Она только головой повела…

Он подошел к ней, низко наклонился, – лицо его вдруг стало каким-то зеленовато-бледным, – и он процедил медленно и чуть слышно:

– Ну а что, если мы его подымем не против царя, a из-за царя?

Она не поняла, но вздрогнула вся разом внезапным лихорадочным ознобом и широко раскрытыми зрачками вперилась испуганно в это позеленевшее братнино лицо…

Но он быстро откинулся от нее, отошел… И в то же время догоревшая до конца свеча в шандале вспыхнула в последний раз и потухла. Настасья Дмитриевна вскочила на ноги и зашаталась… Ей сделалось вдруг невыразимо страшно.

VII

Ночь была безлунная, тучи заволакивали небо…

– У Тони есть свечи; погоди, я сейчас… – молвила девушка, направляясь впотьмах к двери.

– Тсс!.. – послышался ей вдруг в этой тьме встревоженный шепот брата.

Она остановилась как вкопаная, напрягая слух, притаив дыхание…

Из коридора доносились подымавшиеся снизу по лестнице легкие, но торопливые шаги.

– Идут! – проговорил чуть слышно над самым ухом ее Володя.

– Нет, это… это Варюша… к Тоне верно за чем-нибудь…

Она ощупью добралась до перил лестницы, схватилась за них, наклоняя голову вниз:

– Варюша, ты?

Девочка, услыхав голос, прыгнула через три ступеньки на площадку, схватила ее за платье, взволнованно мыча что-то своим немым языком.

– Ты к Тоне? – спросила, замирая, Настасья Дмитриевна.

– Мм!.. мм!.. – все также дергая ее судорожно за платье, отрицательно, как поняла Настасья Дмитриевна, ответила та.

– Ах, Боже мой, тут как в погребе, я не вижу тебя… Погоди!

И она кинулась на узкую полоску света, выбивавшуюся из-под дверей у Антонины Дмитриевны на другом конце коридора, рванула замок, вбежала в комнату…

Сестра ее, в ночном белом пудермантеле1, в атласных туфлях на босых ногах, с распущенными по плечам длинными, высыхавшими волосами (она только что совершила свои омовения пред сном), сидела, протянувшись на кушетке, и читала «Le petit chose» при свете стоявшей подле на столике розовой спермацетовой свечи в изящном бронзовом бужуаре2 – подарке все того же влюбленного Сусальцева.

Настасья Дмитриевна, не проронив слова, схватила этот бужуар и выбежала с ним в коридор.

– Это что за невежество! – визгнула разъяренно Тоня, бросаясь за нею.

Но растерянное выражение сверкавших глаз брата, испуганный вид Варюшки – оба стояли теперь тут, за порогом ее комнаты, озаренные пламенем свечи, которую держала в руке Настя, – обратили негодование ее в изумление и чаяние чего-то необычайного.

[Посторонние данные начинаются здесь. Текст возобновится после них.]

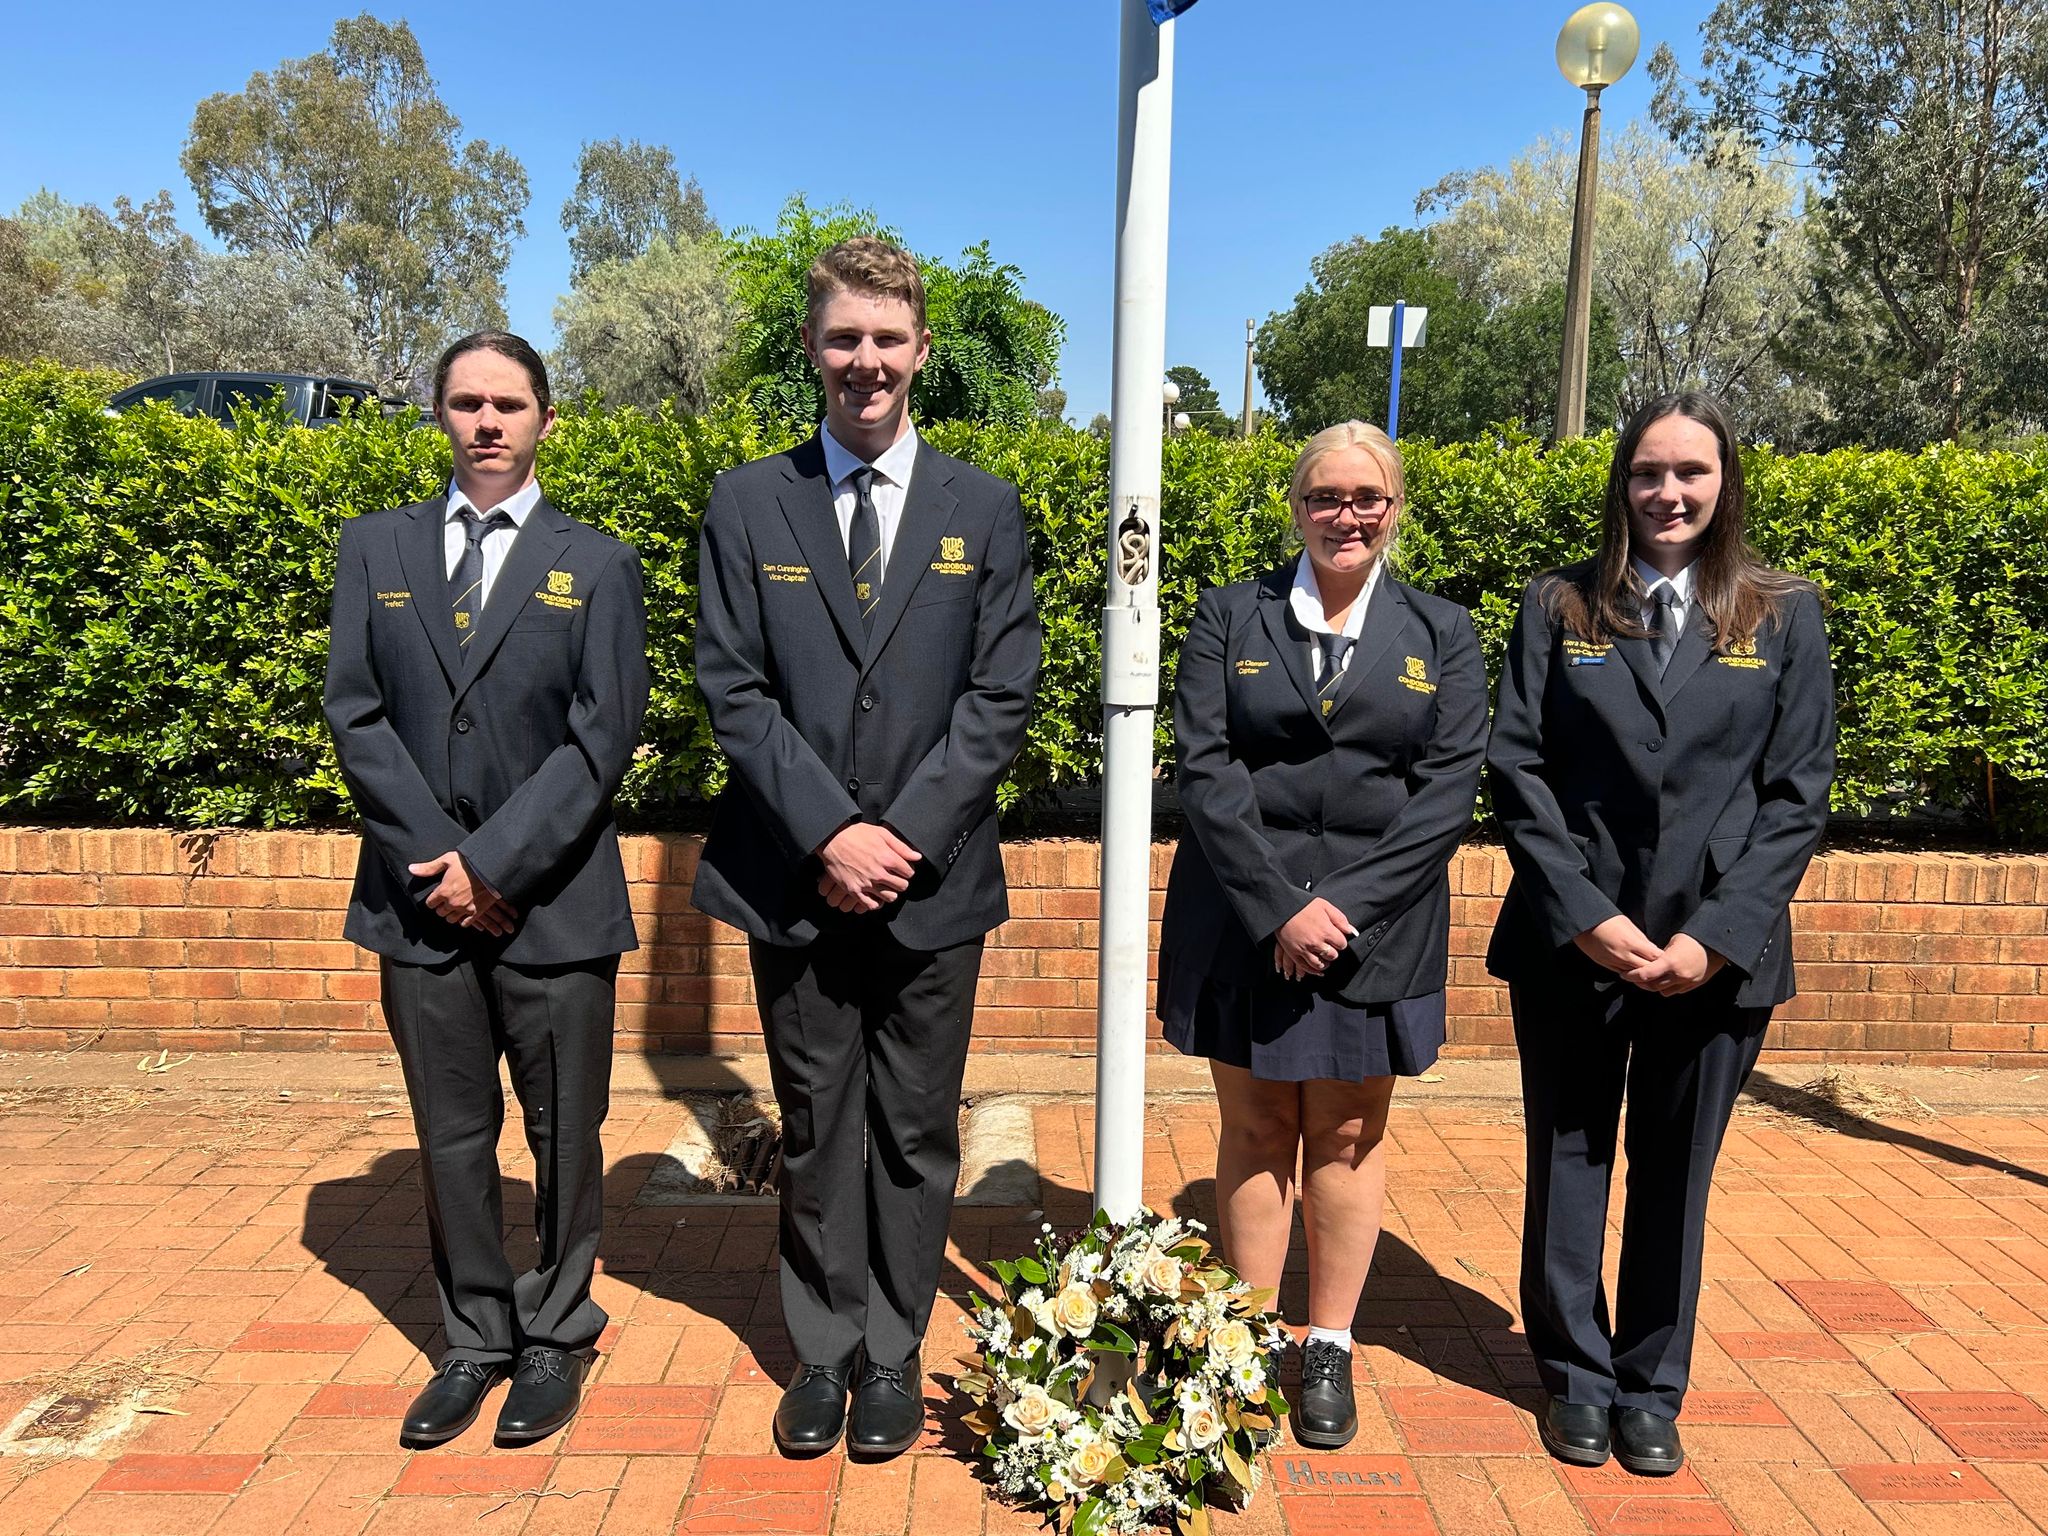 Condobolin High School Prefect Errol Packham, Condobolin High School Vice-Captain Sam Cunningham, Condobolin High School Captain Bella Clemson, and Condobolin High School Vice-Captain Kiera Stevenson took part in the School’s Remembrance Day Commemorative Service on Friday, 10 November. Image Credit: Condobolin High School Facebook Page.

– Что случилось? – пробормотала она. – Ты что, Варюша?..

Немая девочка разом вся обратилась в движение; голова, плечи, руки, лицевые нервы – все заходило у нее. Она то приподымалась на цыпочки, будто намеревалась достигнуть какой-то высоты, то протягивала пальцы вперед и загибала их один за другим, жалобно цыкала языком, кивала в сторону дома, обращенную на двор, не то вопросительно, не то испуганно поводя взглядом на Володю…

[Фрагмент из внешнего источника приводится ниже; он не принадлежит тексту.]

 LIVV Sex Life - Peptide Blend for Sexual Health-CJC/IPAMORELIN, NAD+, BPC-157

– Какие-то люди, и много их, – проговорила Антонина Дмитриевна, привыкшая понимать ее. – Тебя ищут, – скороговоркой примолвила она по адресу брата.

– Да, да, – закивала утвердительно немая.

– Ты была на дворе?

– Да.

– Для чего?

Девочка как бы смущенно усмехнулась и поникла своею маленькою, худенькою головкой.

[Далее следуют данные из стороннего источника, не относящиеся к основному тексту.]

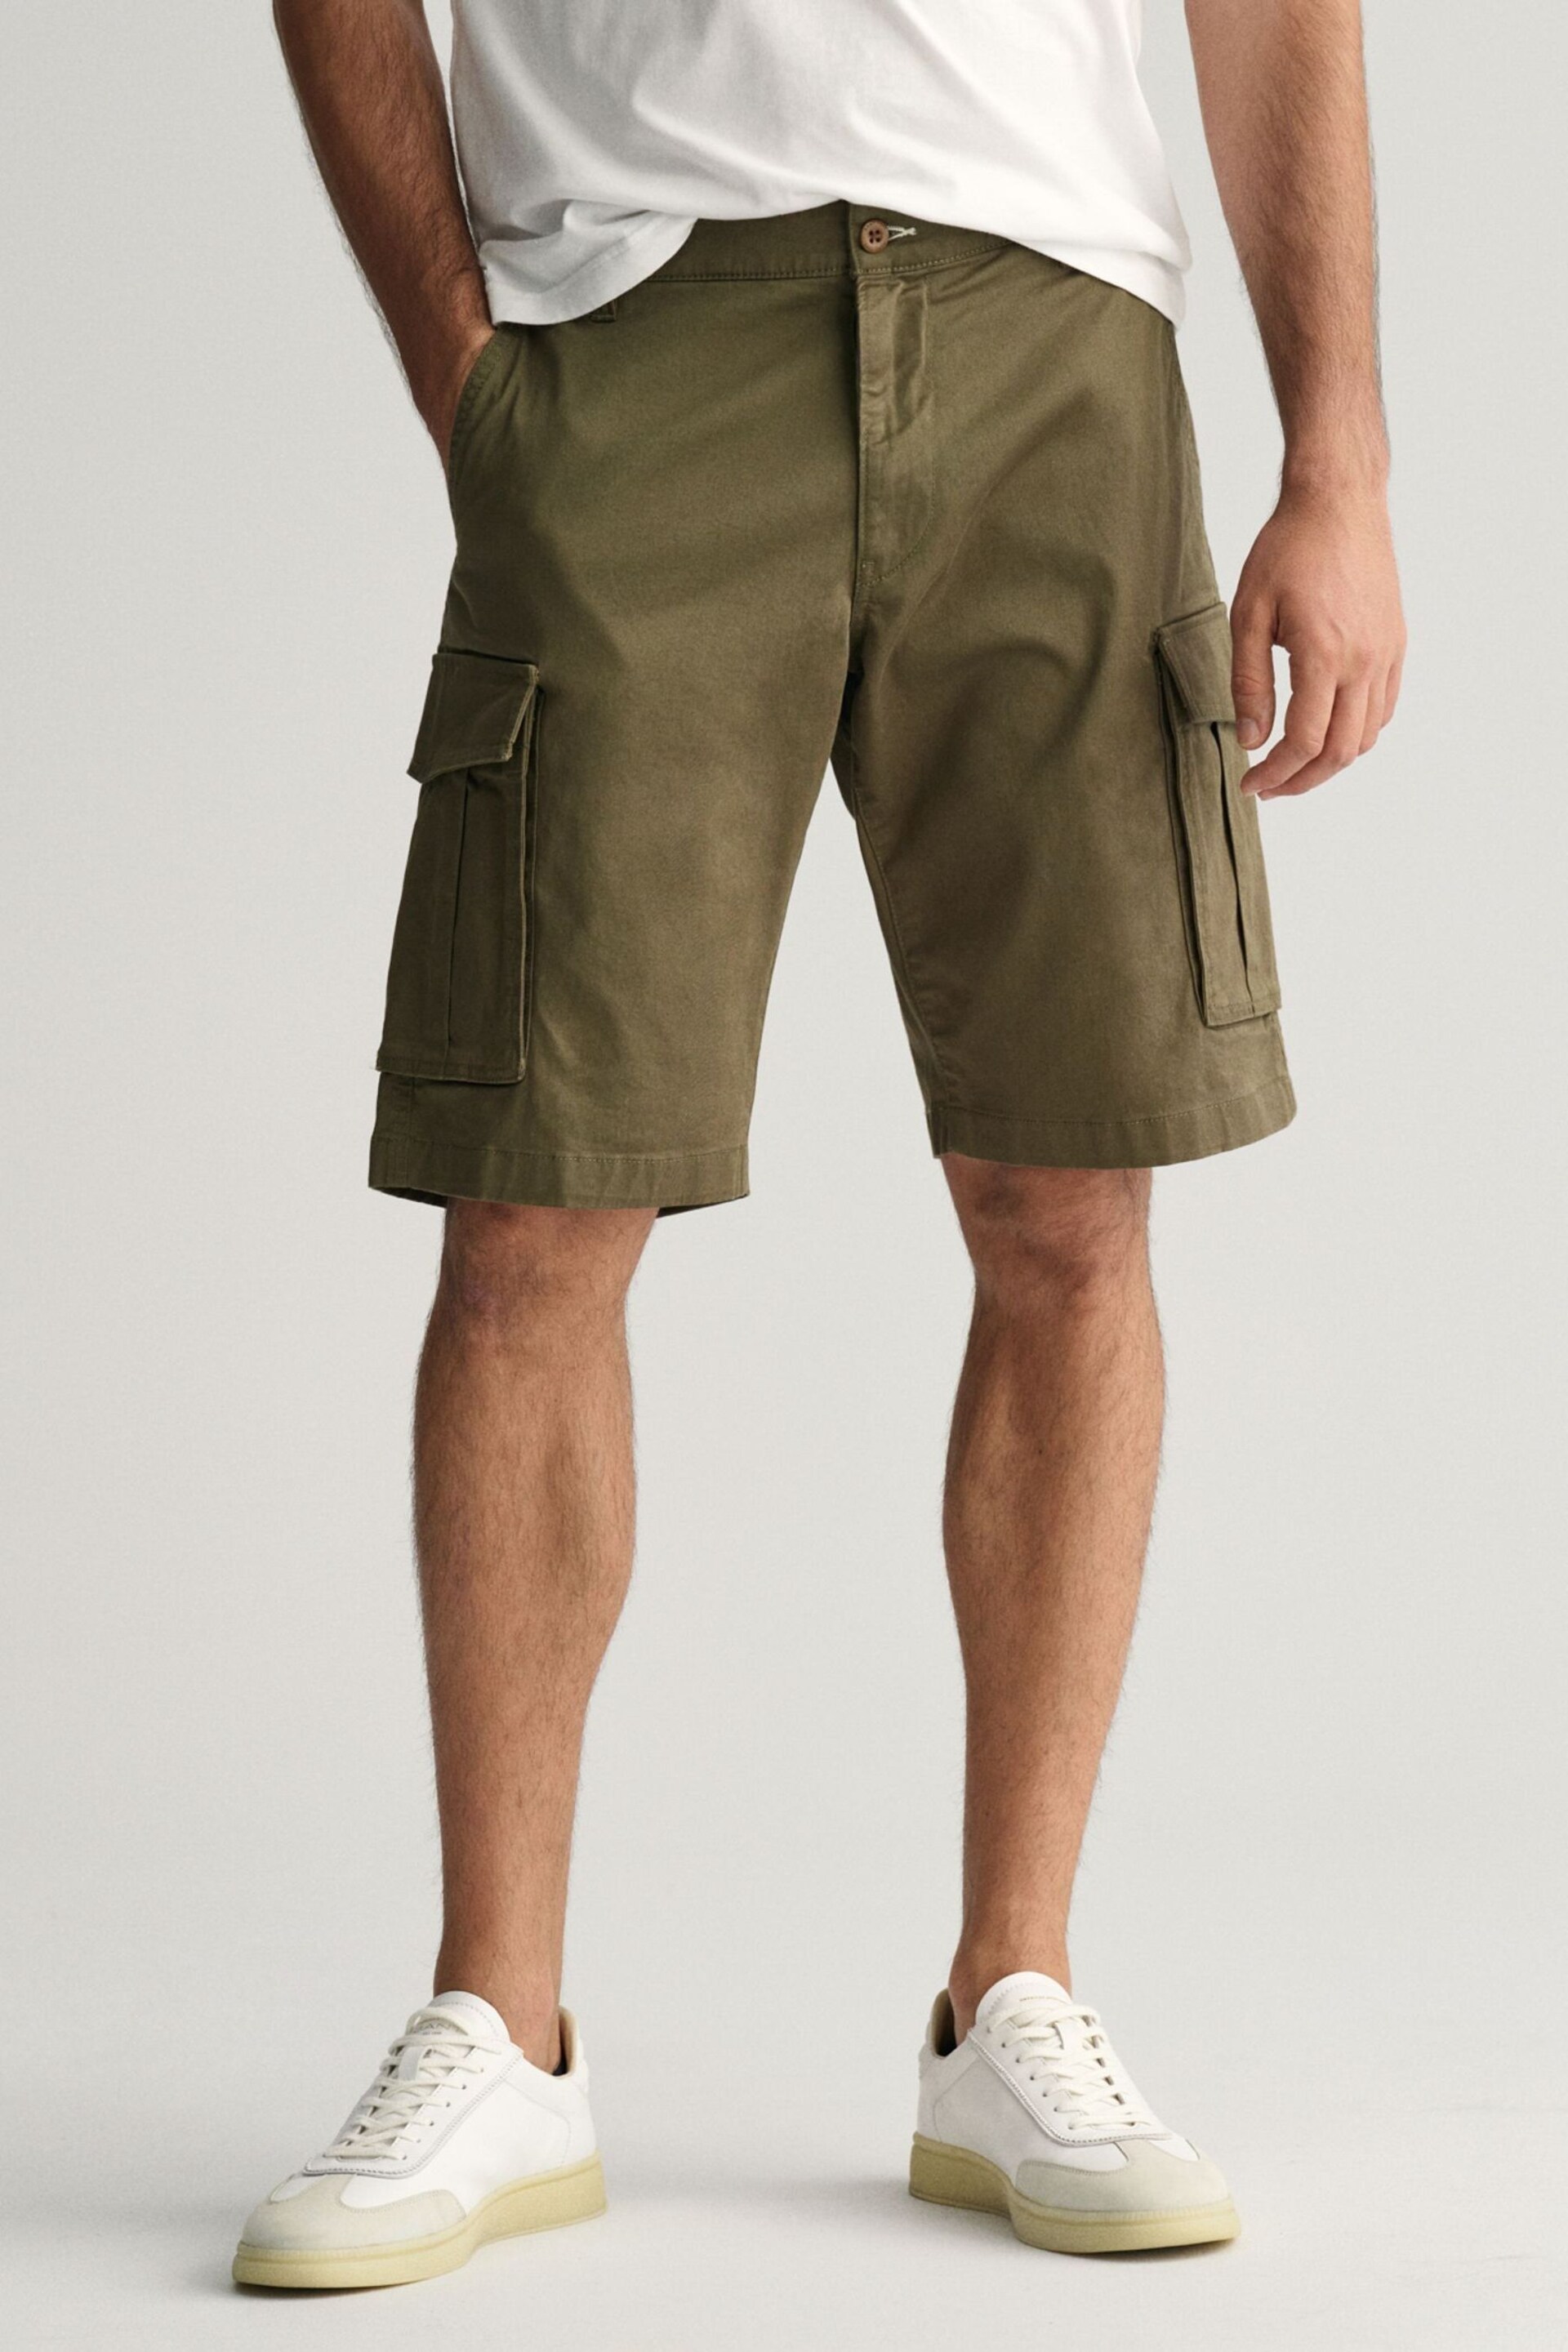 GANT Green Relaxed Twill Cargo Shorts - Image 4 of 9

– Это ты ночью в огород бегала огурцы воровать? – строго проговорила Антонина Дмитриевна. – Кого же ты видела?

Варюшка быстрым движением подняла руку к уху.

– Разглядеть не могла, темно – но слышала разговор, так?

– Да, да!

– Что же ты слышала?

Девочка так же быстро указала глазами на Володю и перехватила наперекрест пальцами кисти своих рук.